My other feedback to automate this, would be great to include a mail module and send mail to a reporting address so this can be task scheduled to run daily.
on my wish list – add date to the report, not just year/month. Create a new folder for every report run. reports currently run during same month over write themselves.
On Geolookup.. around 1750 in the code – the geocounter++, I think we die in the geolookup loop, once you exceed 9950 lookups, the counter isn’t cleared in the while loop, so you exit the while loop after 6 sleeps and then you re-enter it again directly because geocounter remains above 9950.
do you have this code on git?
I’ve added around line ~1754 a new variable $geocountertotal and a reset in the loop to $geocounter to see if this code behaves nicer and to also give more insight to how many records have been looked up.
$geocountertotal++
if ($geocounter -gt 9950)
{
Write-Warning -Message “Total Records queried thus far is: $geocountertotal”

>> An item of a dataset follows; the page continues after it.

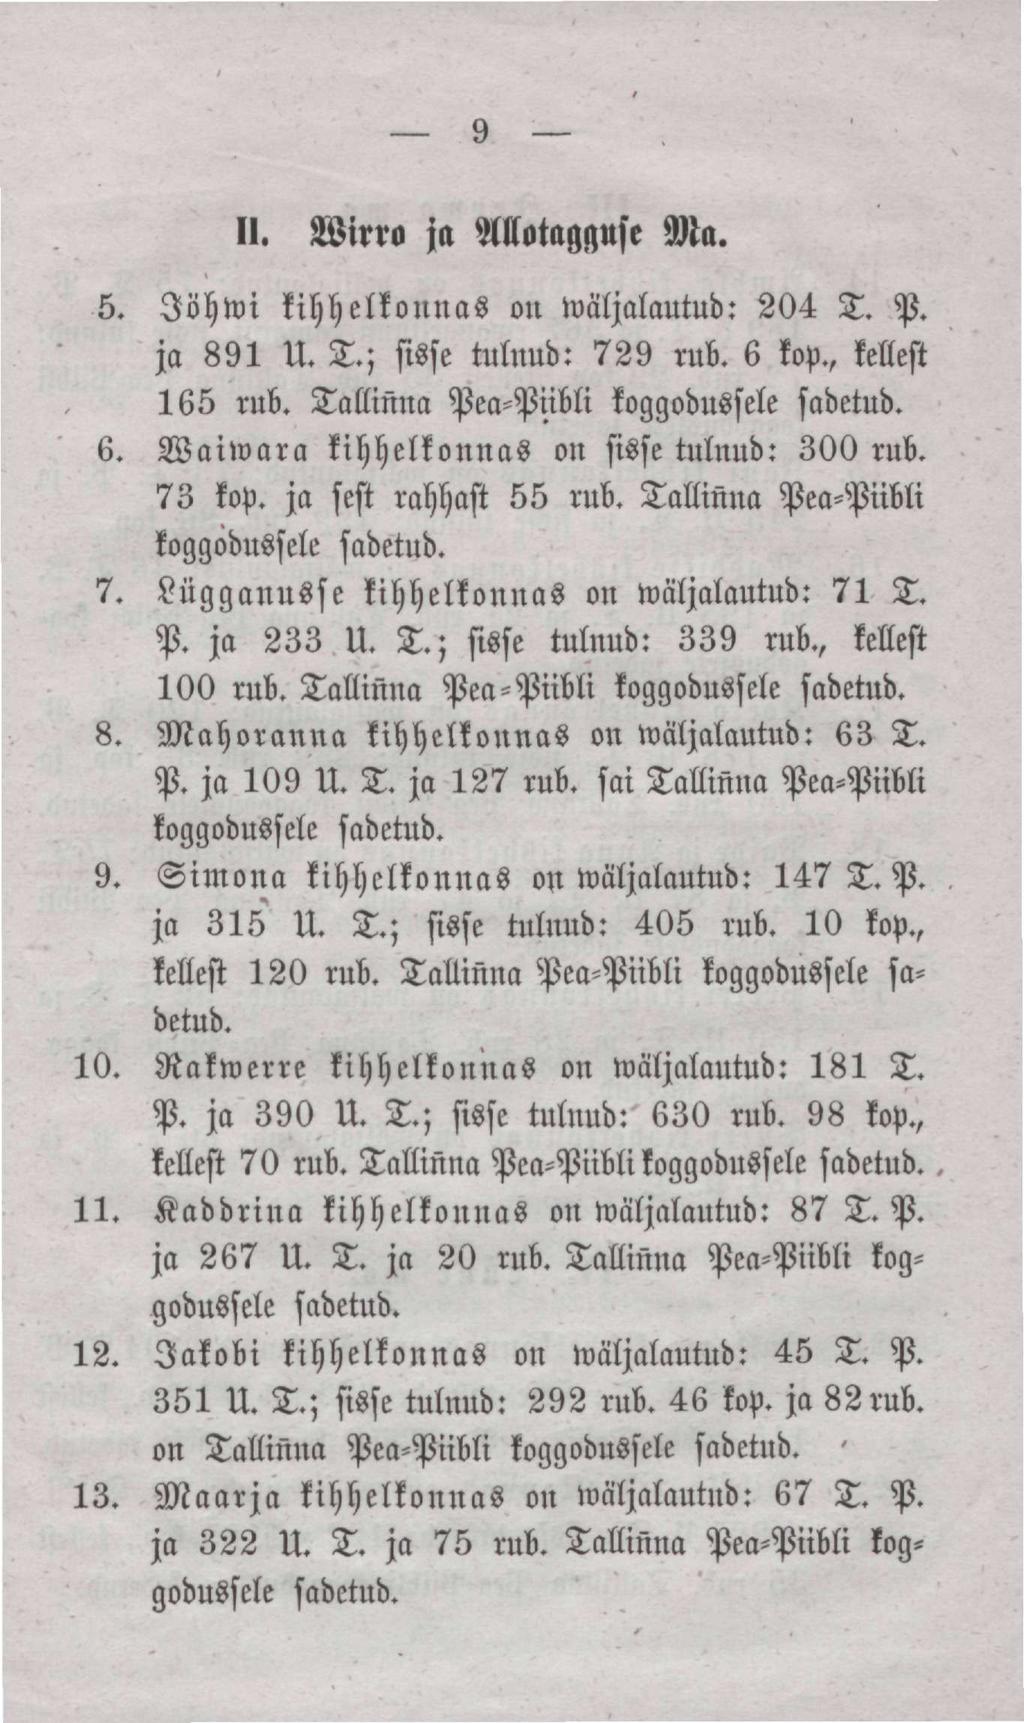 9 II. Wirro ja MotagMse Ma. 5. Jõhwi kihhelkonnas on wäljalautud: 204 T. P. ja 891 U..; sisse tulnud: 729 rub. 6 kop., kellest 165 rub. Tallinna Pea-Piibli koggodusale 6.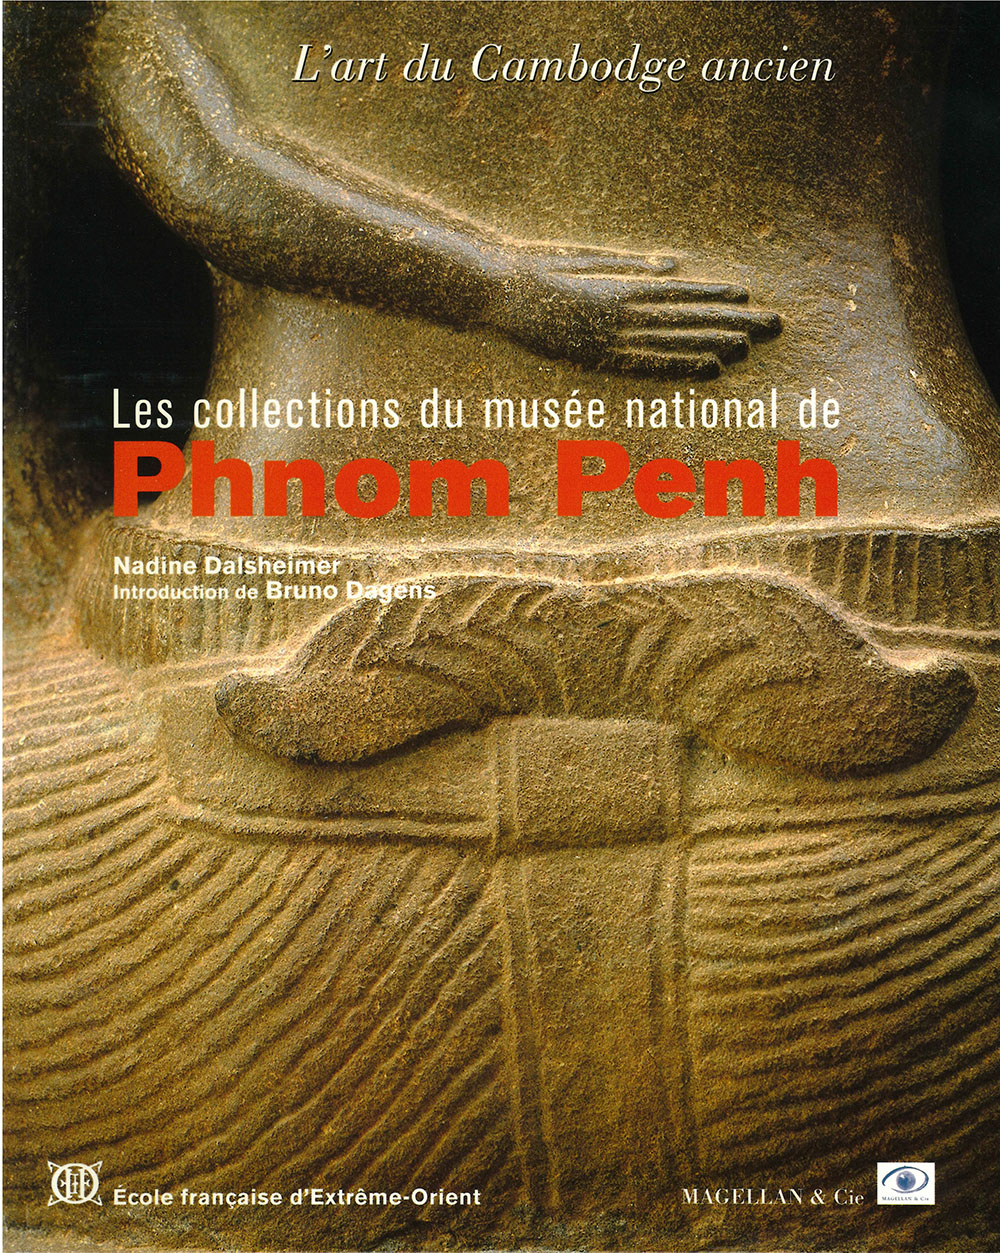 Les collections du musée national de Phnom Penh : L'art du Cambodge ancien

#Reset $geocounter to get out of here after 60 mins
$geocounter = 0
Yeah the code is on Git to
https://github.com/martijnvangeffen/DMARC-report
Nice, thank for spotting this one, I fixed this one and its ready for the next release 2.2+
Might be one of the nicest bits of code I have seen in a very long time. So very well documented as well, excepting how to setup PowerBI.
Is it possible for you to be a bit more specific on setting up the PowerBI?